Books I read half of and got the gist of:

The Black Swan by Nassim Nicholas Taleb: Maybe this book has been talked up too much, and maybe it was groundbreaking when it first came out, but I didn’t get the hype. His writing style is erratic and tangential, which I assume makes him a great lunch date, but an irritating read. He spends a lot of time dissecting man’s unconscious biases without introducing new discoveries, and fails to make a connection to his primary thesis. In some places he draws connections that don’t make sense. But I agree with part of the core message— human history is defined by spikes not cycles, and disagree with the other part of the core message: He thinks our prediction models can’t predict these spikes accurately. I think we just need better models with better inputs.
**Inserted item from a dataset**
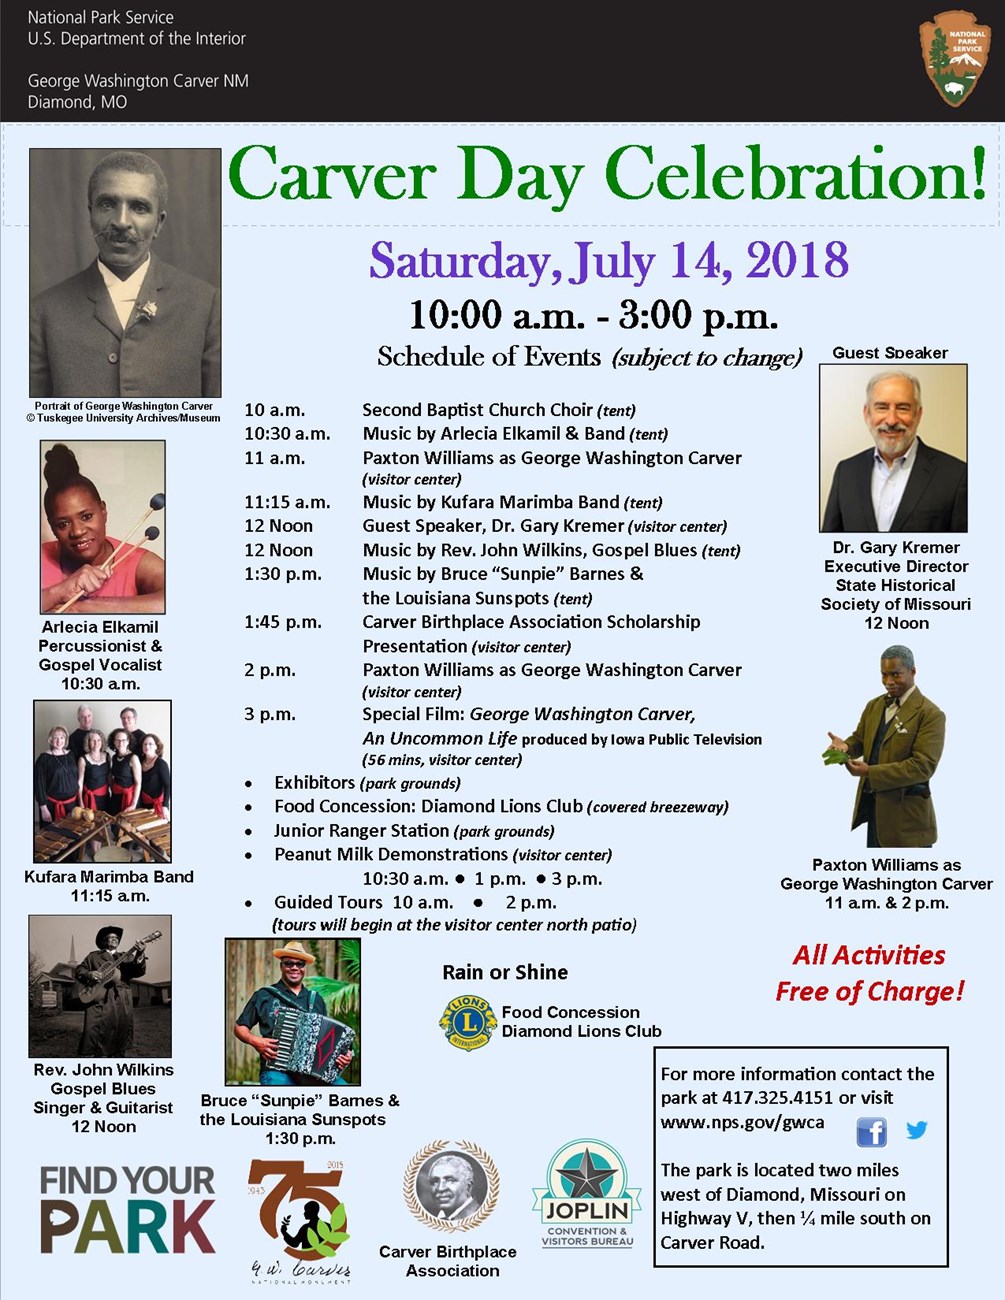 The image is for a park special event: Carver Day. The photograph includes additional images of guest speakers and music performers. There is also color logos and text-schedule of events.

Thinking Fast and Slow by Daniel Kahneman: We all do it and pretend we read the whole book. These books you really only need to read ¼–½ of to get the point, and only if you are an expert who wants minute detail do you need to proceed from there. Thinking Fast and Slow is one of these books. It takes an academic look on how thought patterns shape instinctual fast decisions in people. It’s a good book and makes a good point, but the second half is for psychologists.

How to Create A Mind by Ray Kurzweil: My main takeaway from this book is that the brain is a pattern storage and recognition system and patterns can come through the senses as images, smells, sounds, emotions, etc. It’s a good book but unless you’re a neuroscientist half is enough.
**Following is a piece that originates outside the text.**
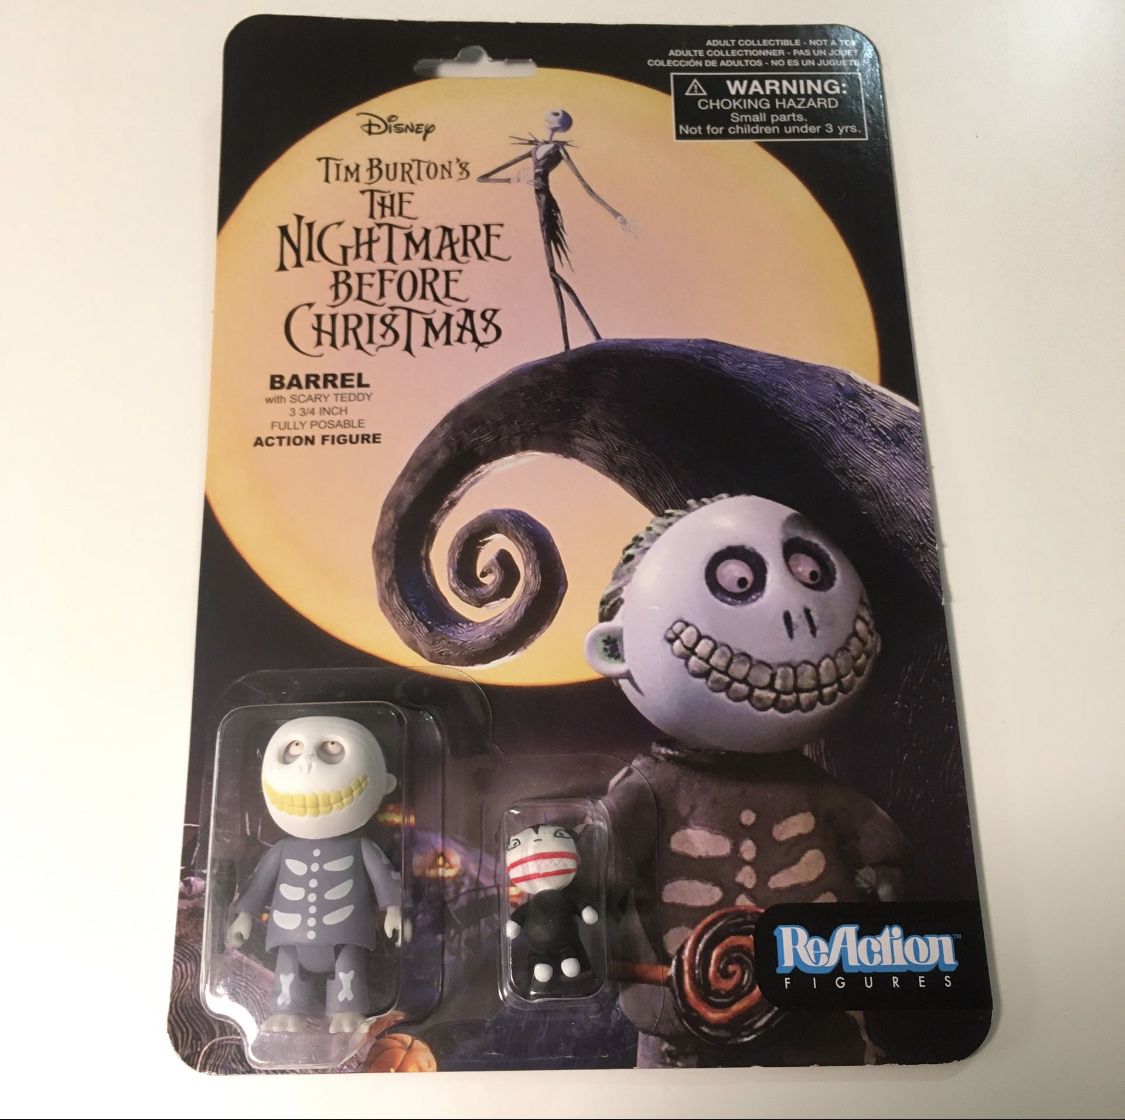 Barrel With Scary Teddy The Nightmare Before Christmas Funko Reaction Figures

Crucial Conversations: Tools for Talking When Stakes Are High by Kerry Patterson and Joseph Grenny: I was reading it as a reference when I was having some really difficult conflict with someone I cared about. It was helpful at the time. This is a useful tool and I didn’t stop reading because I got bored or got everything I needed out of it, but because it’s better as the kind of book that you use as a reference when relevant, because you won’t retain the info without applying it.

The Four Hour Workweek by Tim Ferriss: The thesis of the book is that we have moved beyond the corporate slave life and the reader should harness technology to be their own boss. I think this book was probably quite seminal when it came out.
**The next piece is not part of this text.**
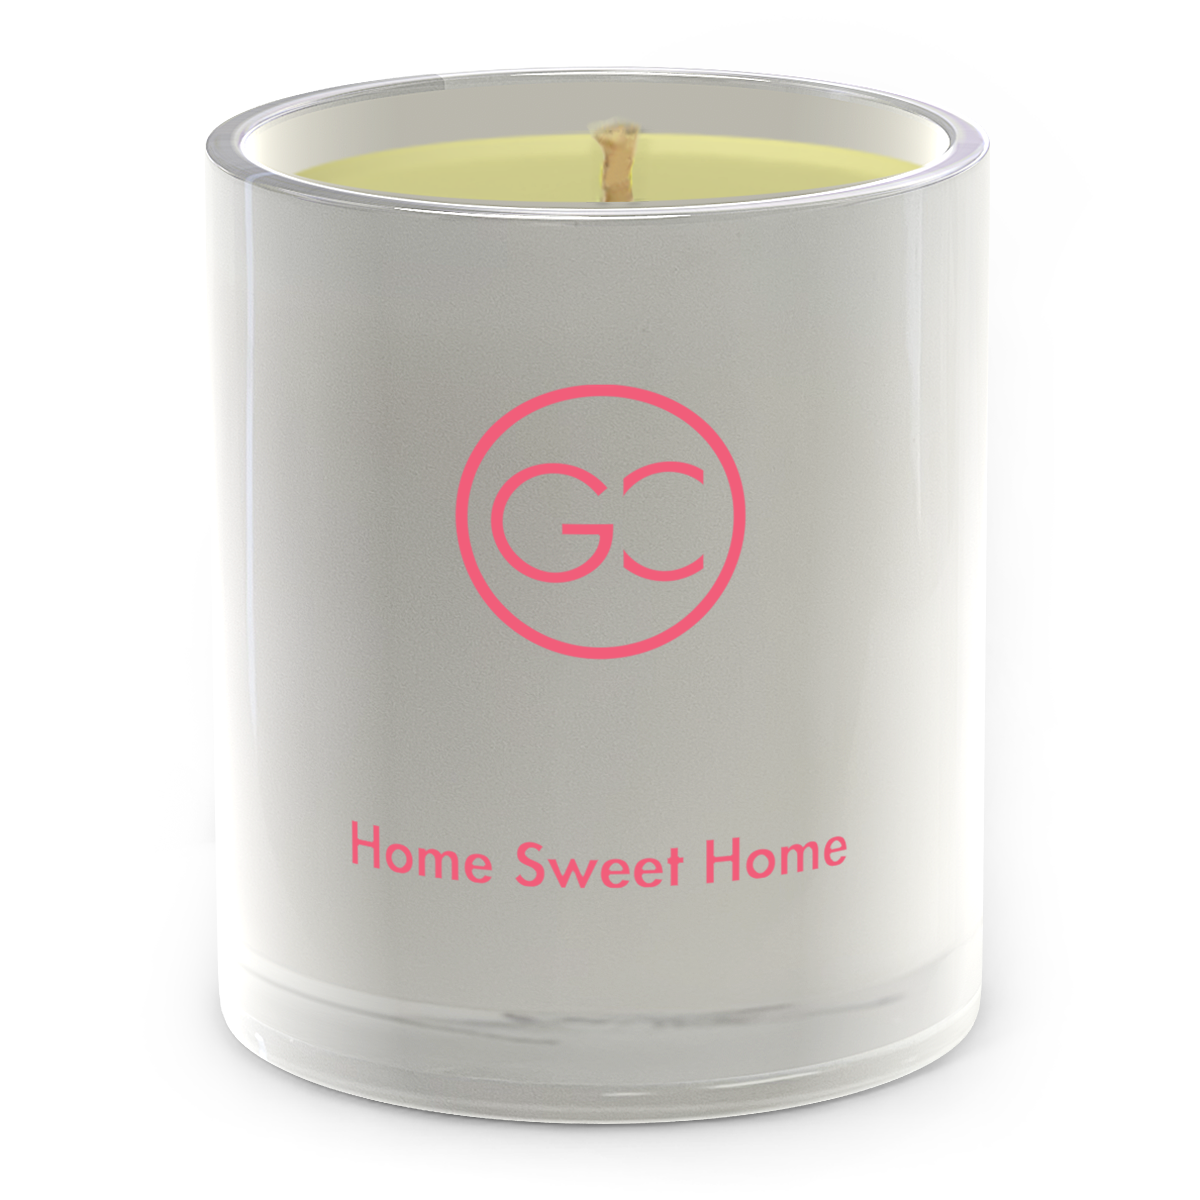 Home Sweet Home - Gardenia Scented Soy Candle 55hr Burn

The Organized Mind: Thinking Straight in the Age of Information Overload by Daniel Levitin: It gives all sorts of solutions which I think are useful — but the problem is not people changing the way they organize their drawers, the problem is more fundamentally psychological and the author misses this. I’ll tell you what I have found to be the solution to information overload in a paragraph: 1. turn off all notifications on your phone and laptop, including messages, facebook, instagram, snapchat. You decide when you want to talk to people; they do not, 2. Write as much as you read, participate in dialogs. The fundamental issue with information is that it’s constantly an inflow with no response from you which results in a confused mess. This is probably because the brain needs to categorize, and you can only do this by summarizing what you’ve taken in and deciding what’s true and what’s not. Without this outflow of thought, or judgment call, information remains in line to be categorized, creating a gut. Energy in, energy out. 3. Finally, most importantly, learn to be alone. Learn to find validation internally. Social media and faux productivity will result in dispersion. Be quiet with yourself and be disciplined. That’s all.